Requirement: With every picture left out, restate the listing below exactly as written.

Available data:

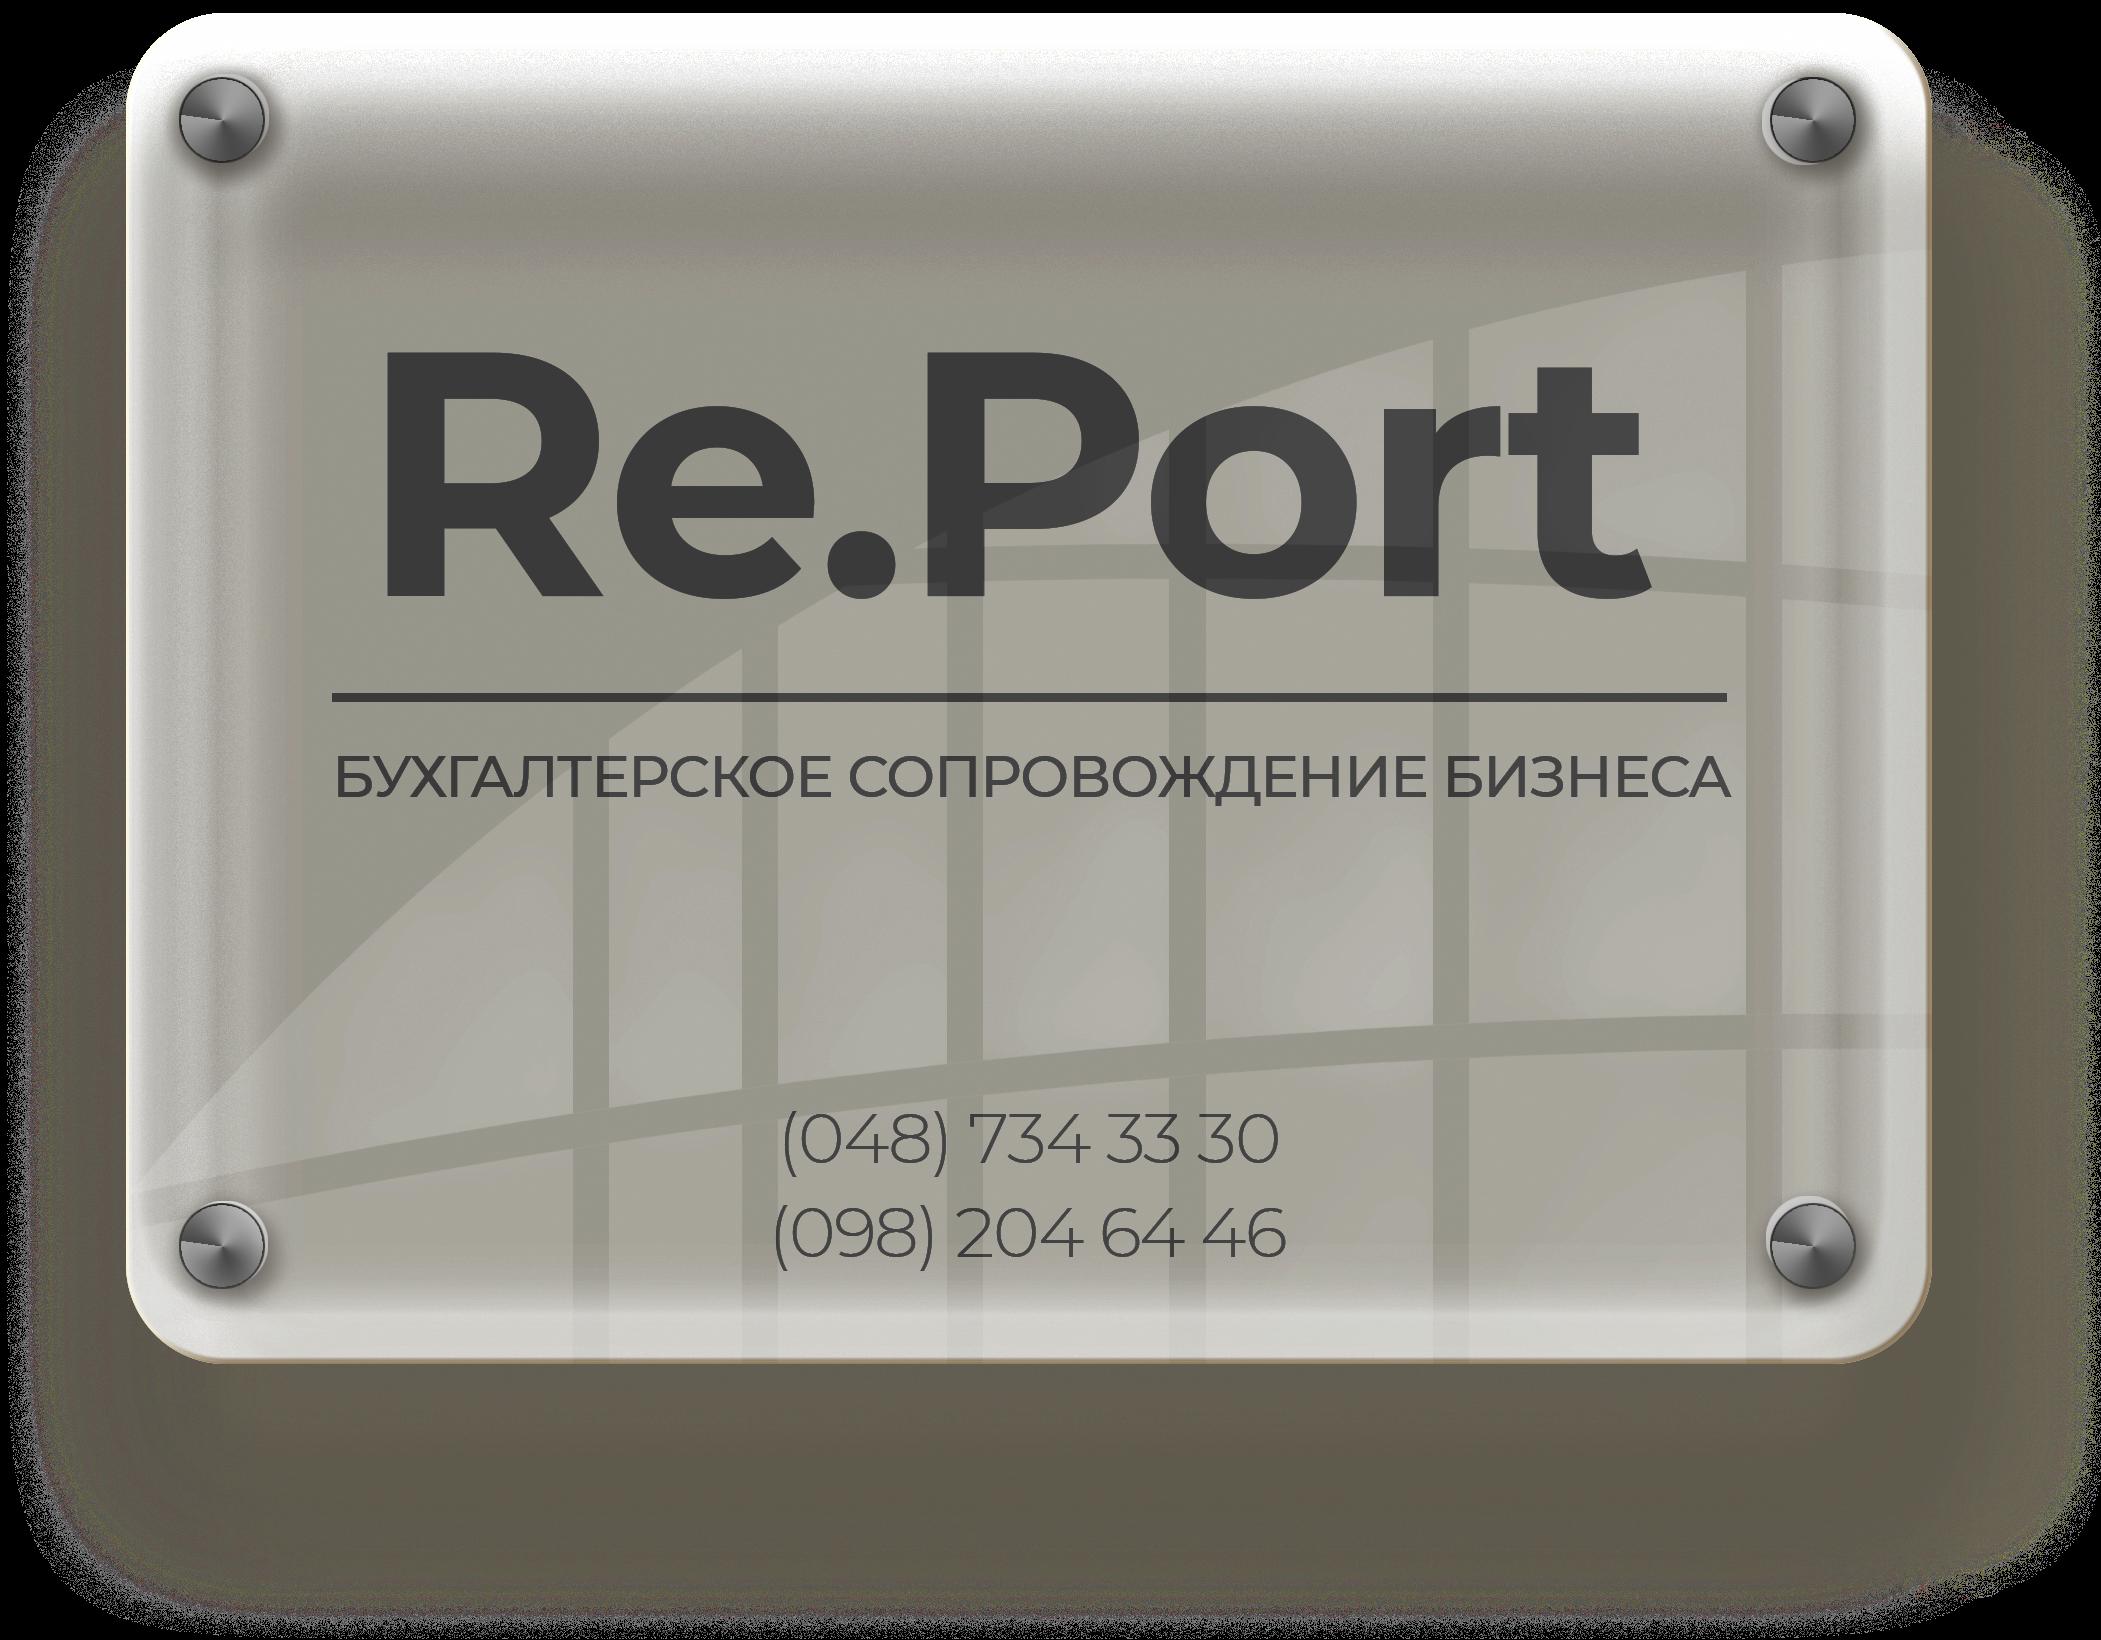 Re.Port-tablichka
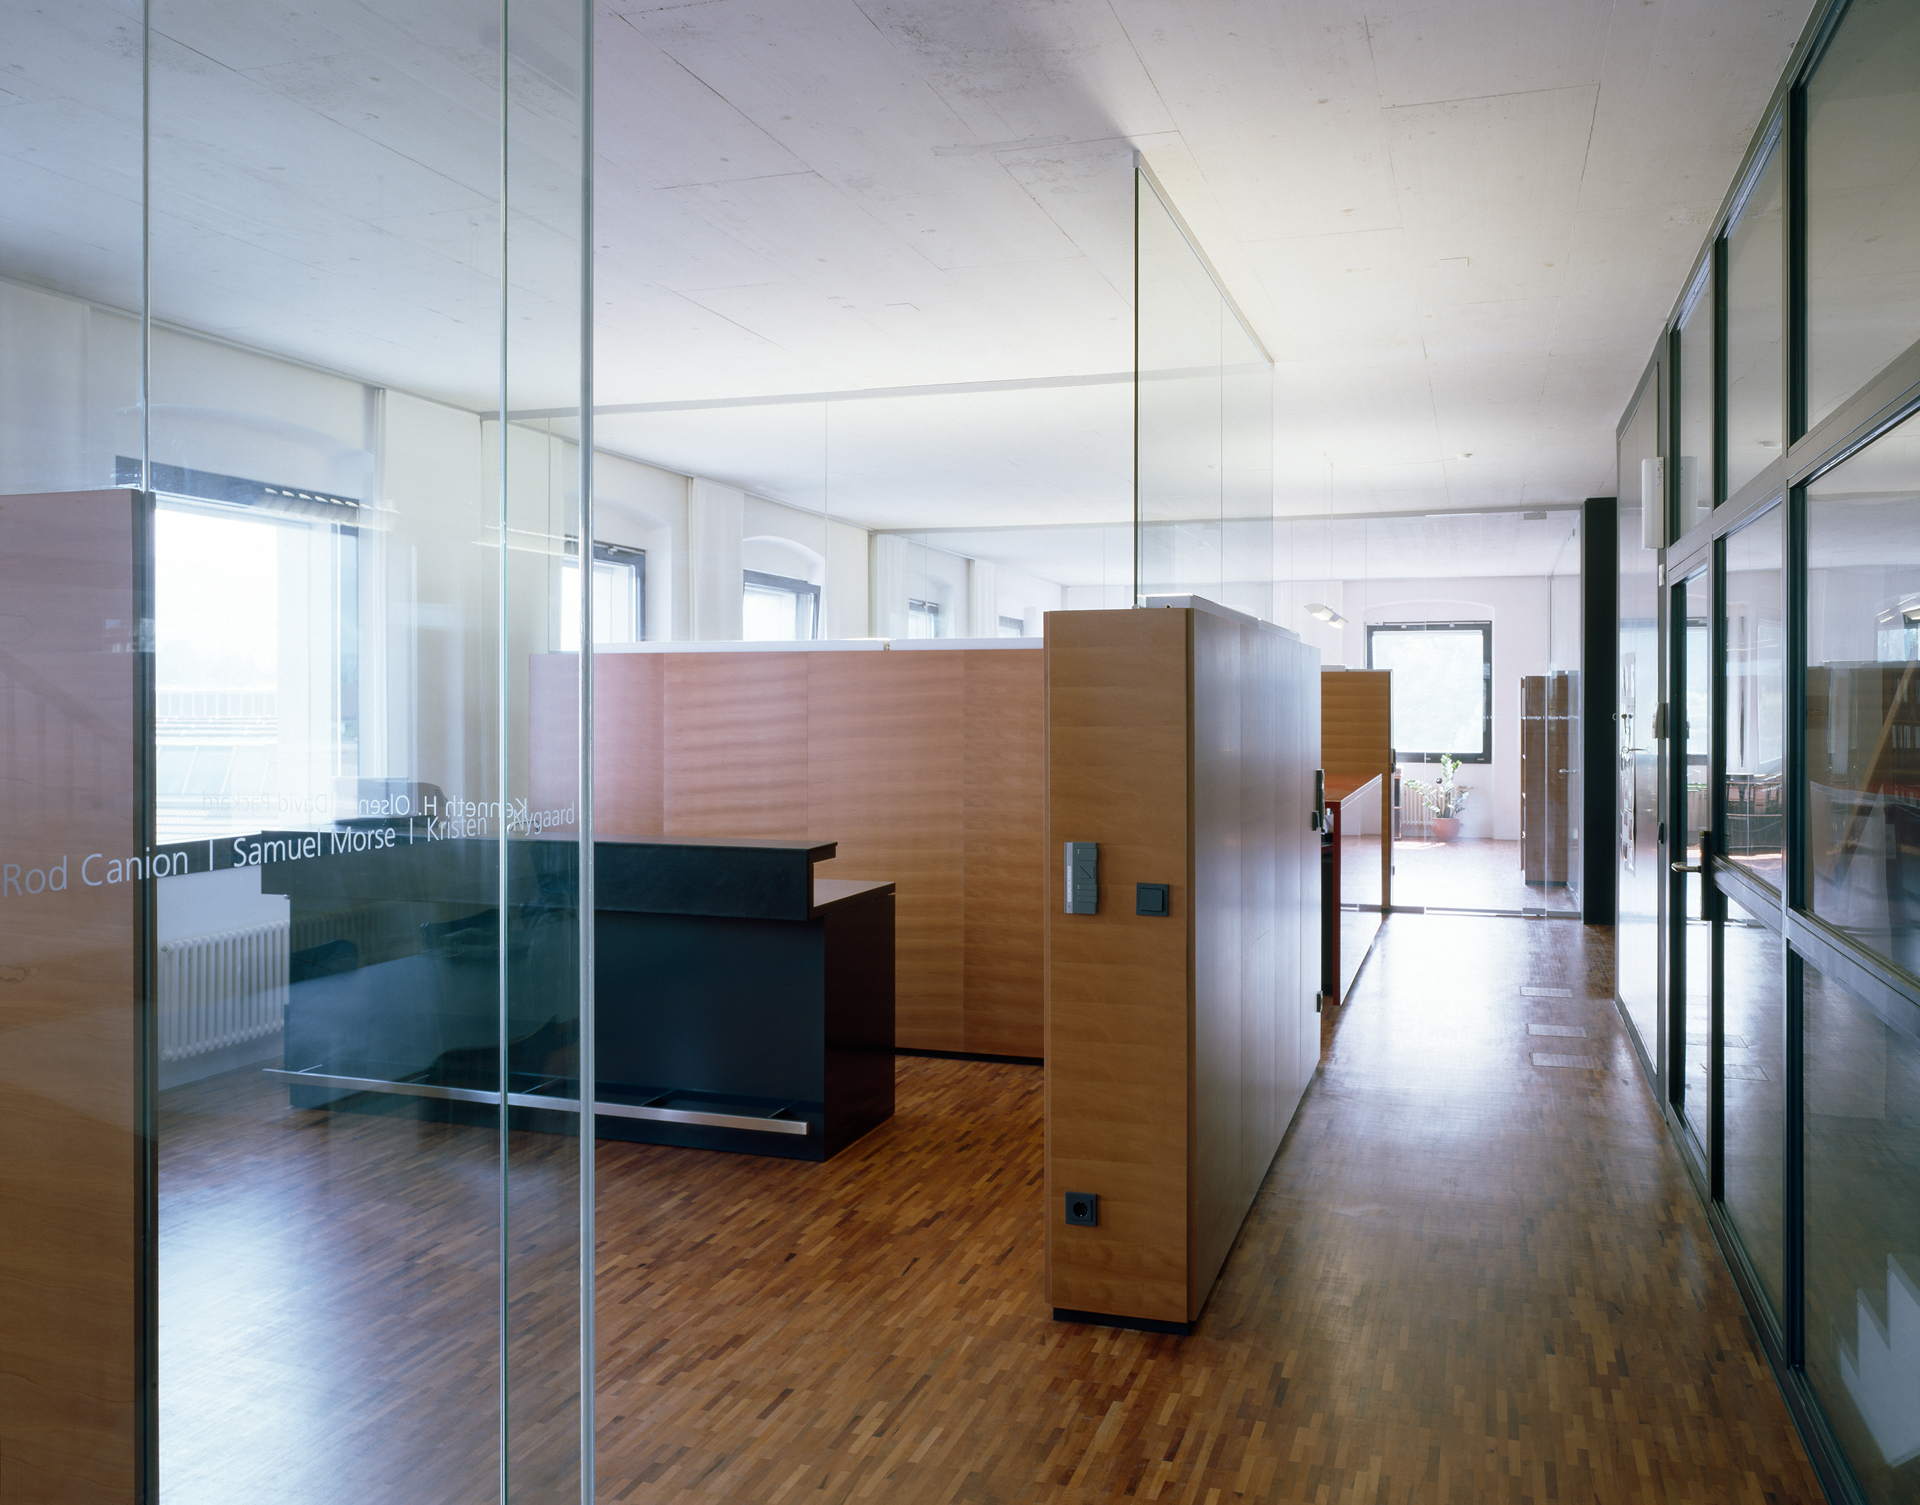 dyna bcs – wolfgang ritsch architekten, Innenarchitektur ideen
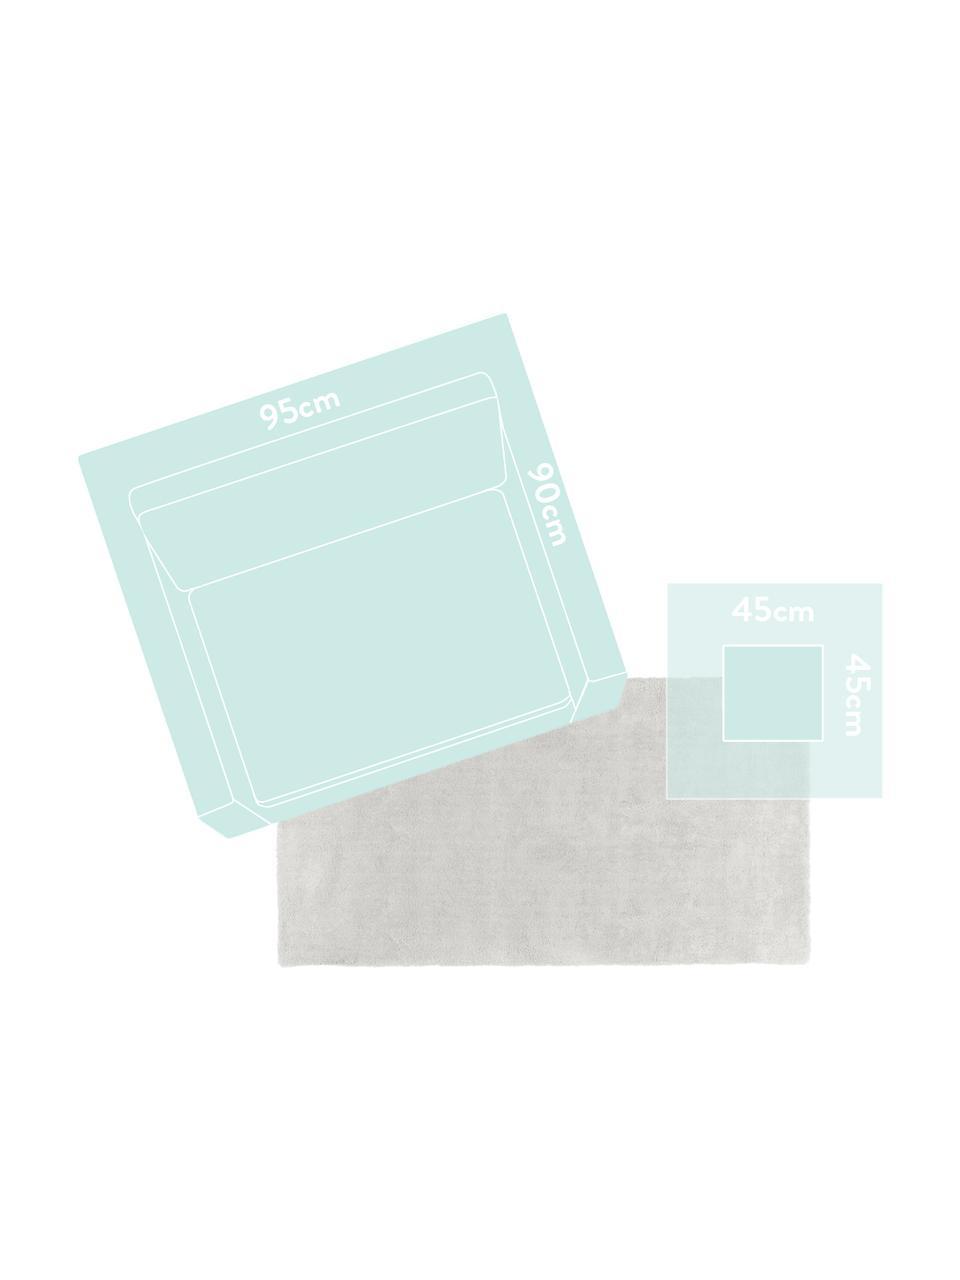 Flauschiger Hochflor-Teppich Leighton in Hellgrau-Beige, Flor: Mikrofaser (100% Polyeste, Hellgrau-Beige, B 200 x L 300 cm (Größe L)

Answer space:
 Re.Port-tablichka
 dyna bcs – wolfgang ritsch architekten, Innenarchitektur ideen
 Flauschiger Hochflor-Teppich Leighton in Hellgrau-Beige, Flor: Mikrofaser (100% Polyeste, Hellgrau-Beige, B 200 x L 300 cm (Größe L)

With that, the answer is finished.